On April 12, 2019, Maine’s Governor, Janet Mills (D), signed L.D. 278, a pay equity bill titled “An Act Regarding Pay Equality.” The law amends existing pay equity legislation and generally prohibits employer inquiries into the salary history of prospective employees until after an offer of employment has been made. Maine is the latest state in New England to pass legislation imposing this prohibition, following Massachusetts, Connecticut, and Vermont.
In its statement of findings and intent, the legislature affirmed that “when employers base compensation decisions on compensation history of a prospective employee, it directly perpetuates [ ] wage inequality.”1 Consistent with this articulated policy, L.D. 278 provides that an employer may not “use or inquire about” a prospective employee’s compensation history unless the employer has already provided an offer of employment that includes “all terms of compensation.” This prohibition likewise prevents an employer from soliciting a prospective employee’s salary history from his or her current or former employer.
An exception to this ban exists for employers obligated to inquire about a prospective employee’s compensation history consistent with state or federal law requiring “the disclosure or verification of compensation information.”

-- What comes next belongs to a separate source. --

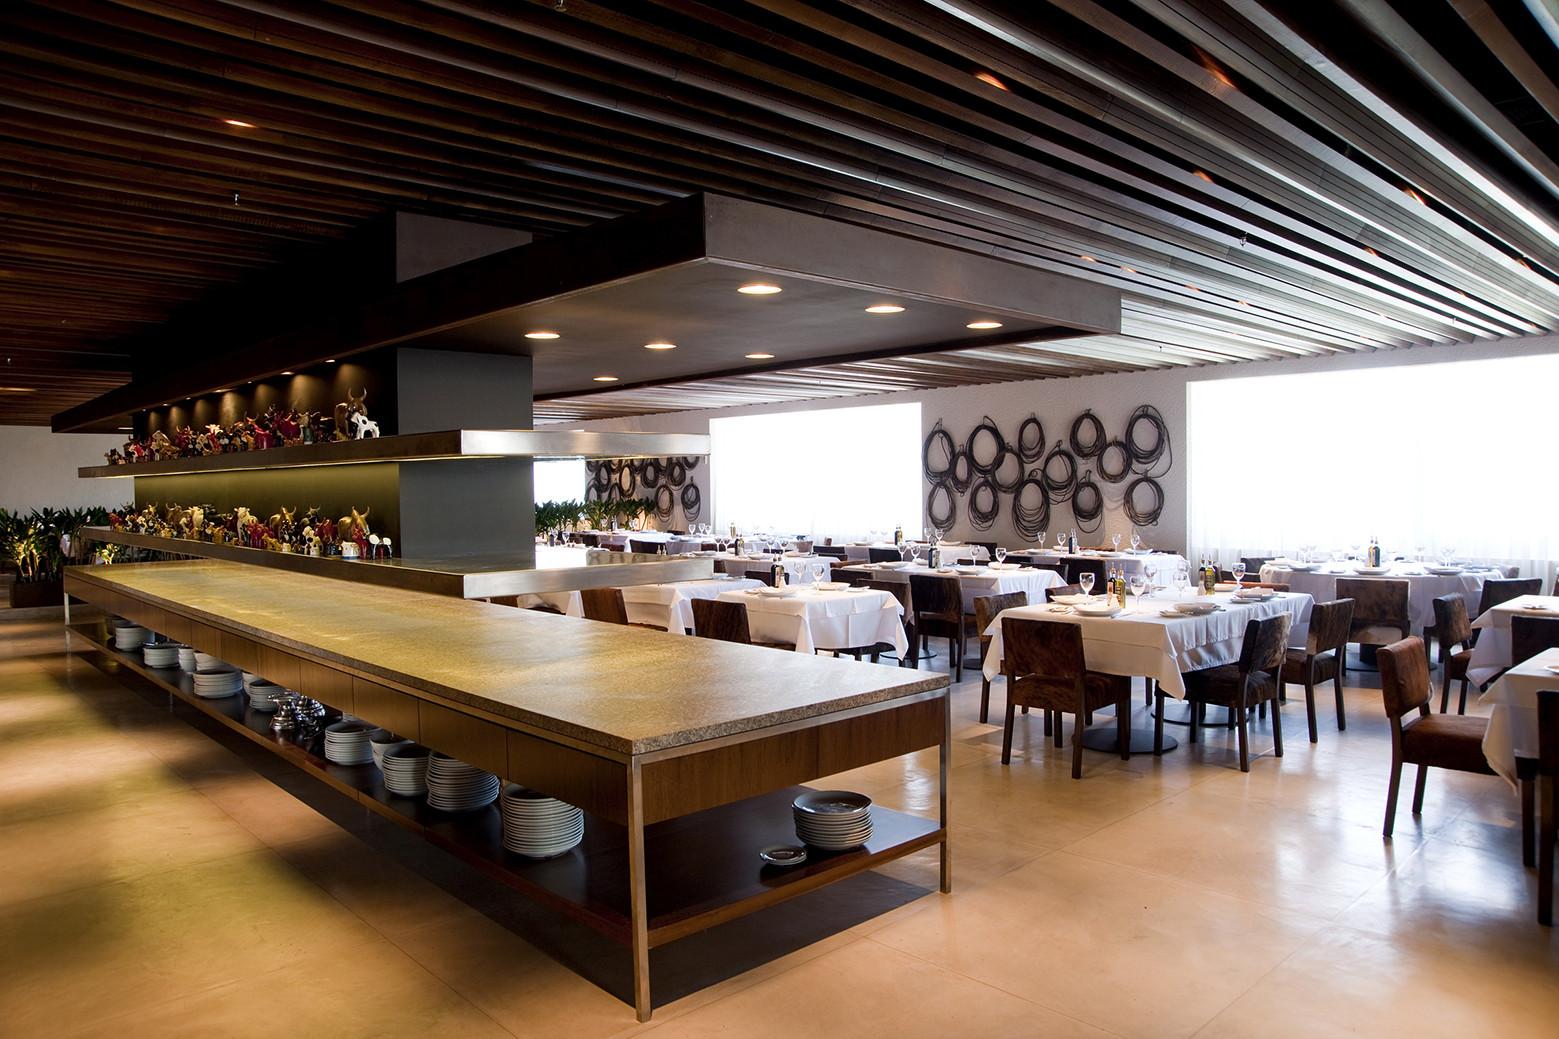 Rodeio Restaurant / Isay Weinfeld, © Romulo Fialdini

L.D. 278 further amends the Maine Human Rights Act (“the Act”) to expressly provide that evidence of unlawful employment discrimination includes an employer’s effort to directly, or indirectly, seek compensation information from a prospective employee before an offer of employment has been made. If an employee or prospective employee “voluntarily” discloses his or her compensation history “without prompting by the employer,” the employer may seek to confirm the information before it provides an offer. L.D. 278 also broadens the existing wage transparency protections in Maine’s equal pay statute to prohibit an employer from preventing employees from discussing, or disclosing, other employees’ wages.
While L.D. 278 may seem straightforward at first glance, the statutory text leaves open some questions concerning the “voluntary disclosure” exception to the salary history inquiry ban.2 For example, the exception applies to employees, as well as prospective employees, who voluntarily disclose wage history information. But the statute’s protections otherwise apply only to prospective employees, and L.D. 278 does not explain the inclusion of “employees” in this section. In addition, the voluntary disclosure provision does not appear in the same section as the other exception identified (i.e., the exception for inquiries needed to comply with state or federal law). Instead, it appears in the amendment to the Act concerning evidence of unlawful discrimination. Employers intending to rely on this exception may wish to consider proceeding cautiously in light of these ambiguities.
An employer that violates the statute may face a penalty between $100 and $500 per violation. The employer may also be subject to civil litigation brought by the affected employee or Maine’s Department of Labor.
The law takes effect on September 17, 2019. In the interim, New England employers should review existing job posting and hiring documentation to ensure salary history information is not solicited from applicants unless a statutory exception applies. Employers likewise should train hiring managers and recruiters to ensure they are aware of the statute’s prohibitions.